Does the GDPR apply to you?

Due to its extraterritorial scope, the GDPR can affect non-EU-based investment advisers and their private funds in a number of ways.  If such adviser or fund has an establishment in the EU (e.g., has subsidiaries in the EU or other offices or employees in the EU), then that establishment, and the personal data that it collects, is subject to the GDPR.  As a result, any personal data that such establishment transfers to the non-EU-based entity will be subject to the GDPR, and the non-EU-based entity will need to treat such personal data in accordance with the GDPR.

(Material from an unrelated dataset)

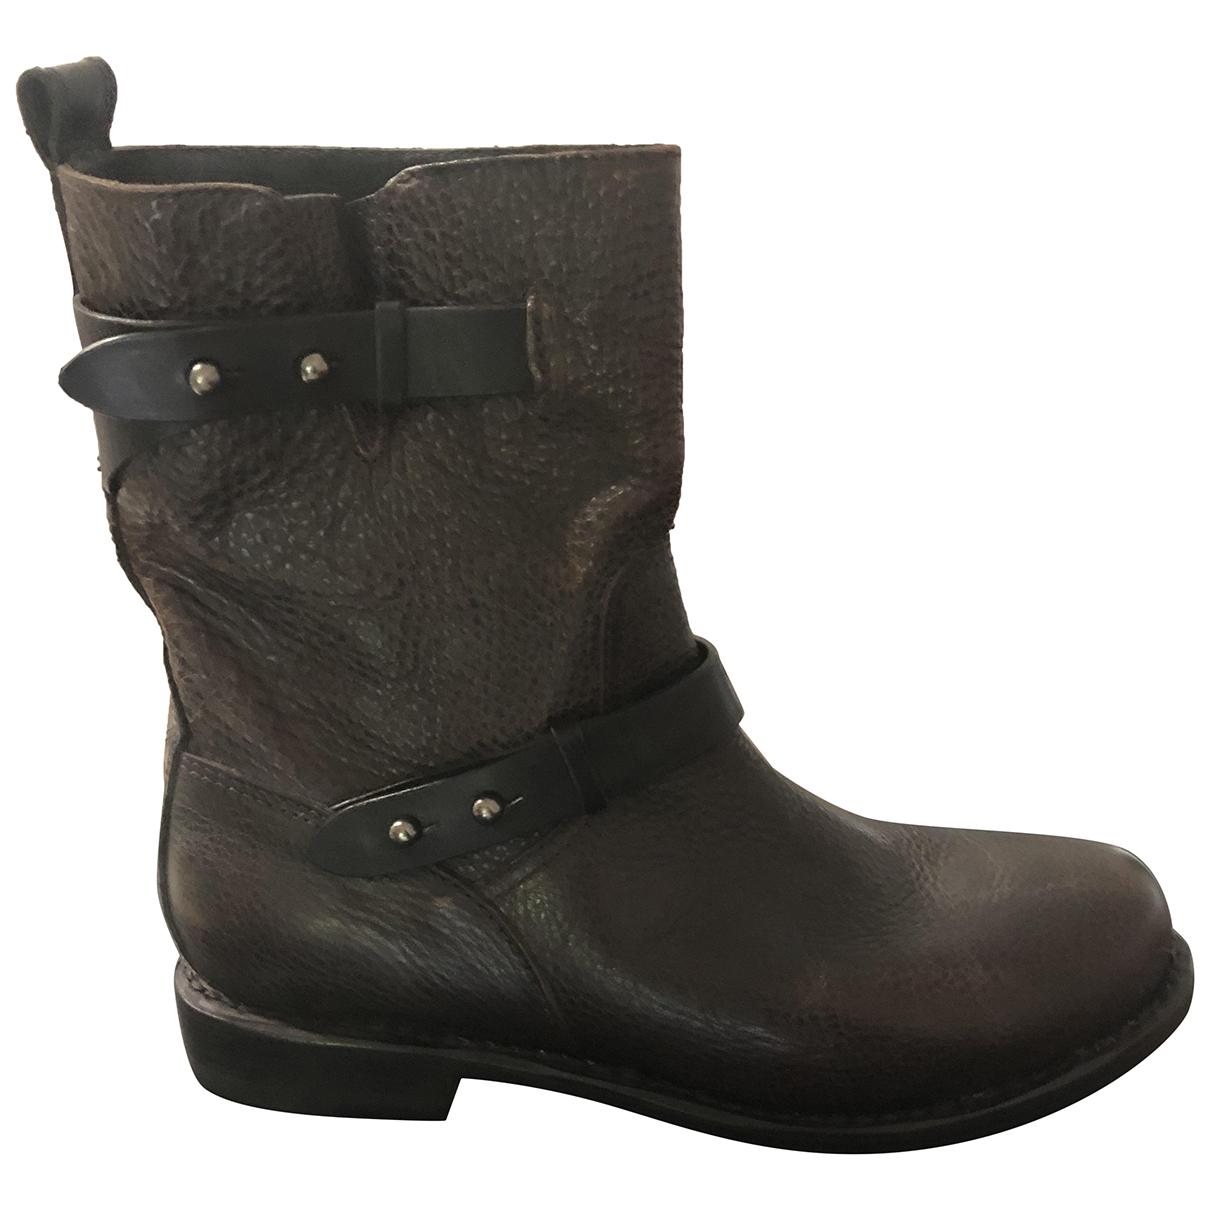 Rag & Bone N Brown Leather Boots for Women 39 EU

Even if a non-EU-based investment adviser or private fund has no establishment in the EU, it can still be subject to the GDPR if it offers goods or services to individuals in the EU or monitors the behavior of individuals in the EU.  An investment adviser or fund may be considered to be offering goods or services to individuals in the EU if its offering of fund interests or investment advisory services somehow targets EU investors or clients.  There are a number of factors that are taken into consideration to determine if a company is targeting the EU.  Among the factors most relevant for an investment adviser or fund are whether its marketing materials are intended for EU-located investors or clients (e.g., with specific materials or offering legends geared towards Dutch investors, German investors, investors generally located in the European Economic Area (EEA), etc.) and if it conducts a road show in Europe specifically to attract EU-located investors or clients.  More nuanced factors can also play a part, though, including whether the adviser or fund provides information to investors or clients in languages used in EU jurisdictions (e.g., French, German, etc.), uses websites that have domain names that are registered in EU jurisdictions (e.g., "") and enables investors to see the performance of their investments denominated in European currencies.

A non-EU-based investment adviser or private fund can also be subject to the GDPR if it monitors the behavior of individuals in the EU.  This scenario is less likely to apply, but it still might trigger the GDPR's application in the context of the private investment fund industry.  For example, an investment adviser or fund may be considered to be monitoring EU individuals if it invests in consumer debt and sets up a profile to predict an underlying individual borrower's behavior, uses tracking technologies on its website or uses personal data in connection with its algorithmic trading strategies.

It is also possible for a non-EU-based investment adviser or private fund to fall within a gray area with respect to the applicability of the GDPR.  Generally, under the GDPR, a non-EU-based investment adviser or fund will only be considered to be offering goods or services to the EU if it offers goods or services to investors that are individuals in the EU.  However, what is considered to be an "individual" for GDPR purposes may be broader than simply a natural person.  For example, some investors that are partnerships and some entities that represent individual interests may also fall within scope here.  Another example of a gray area of applicability is if a non-EU-based investment adviser or fund targets only non-EU-based investors but receives indications of interest from individual investors that it knows are located in the EU and sends them marketing or subscription materials to actively induce them to purchase fund interests or advisory services.  In that case, too, it is possible that the adviser or fund may be seen as offering goods or services to individuals in the EU.  If an investment adviser or fund falls within a gray area as to the applicability of the GDPR, it is safer for the adviser or fund to err on assuming that it is subject to the GDPR with respect to the collected EU personal data, rather than being at risk of incurring the GDPR's large fines.  However, if the entity does not fit the prongs identified above, then simply having EU personal data in its possession does not subject the entity to the GDPR.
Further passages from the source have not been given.